_Requirement_
The answer must be the lines from the one containing "traveling at 110" through the last line of the data below, copied exactly, with nothing else.

_Source material_
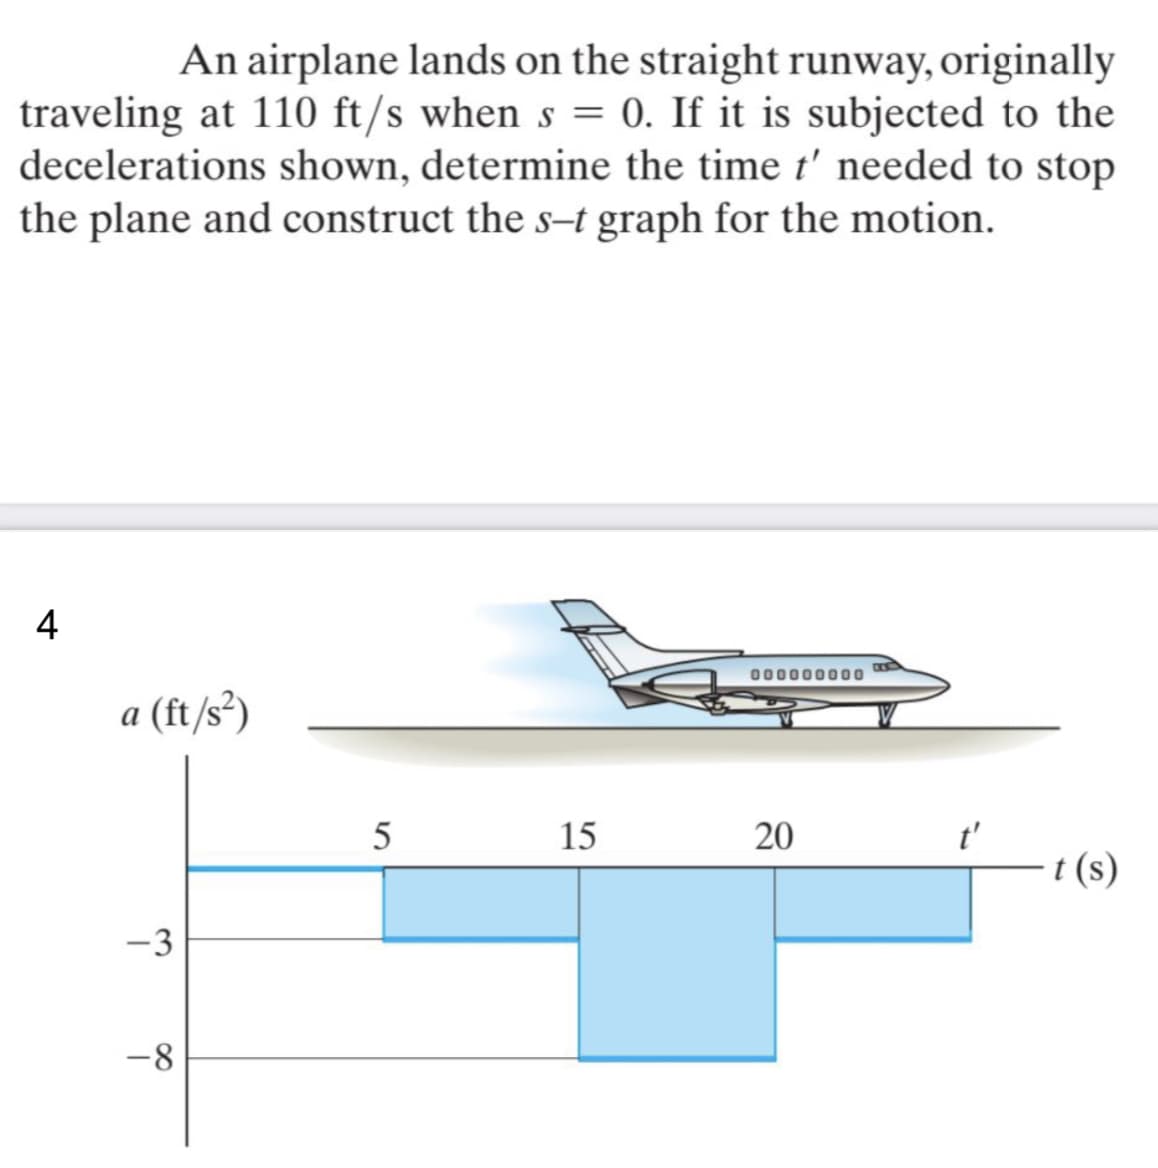 An airplane lands on the straight runway, originally
traveling at 110 ft/s when s = 0. If it is subjected to the
decelerations shown, determine the time t' needed to stop
the plane and construct the s-t graph for the motion.
4
000000000
a (ft/s²)
5
15
t (s)
-3
-8
20

_Task result_
traveling at 110 ft/s when s = 0. If it is subjected to the
decelerations shown, determine the time t' needed to stop
the plane and construct the s-t graph for the motion.
4
000000000
a (ft/s²)
5
15
t (s)
-3
-8
20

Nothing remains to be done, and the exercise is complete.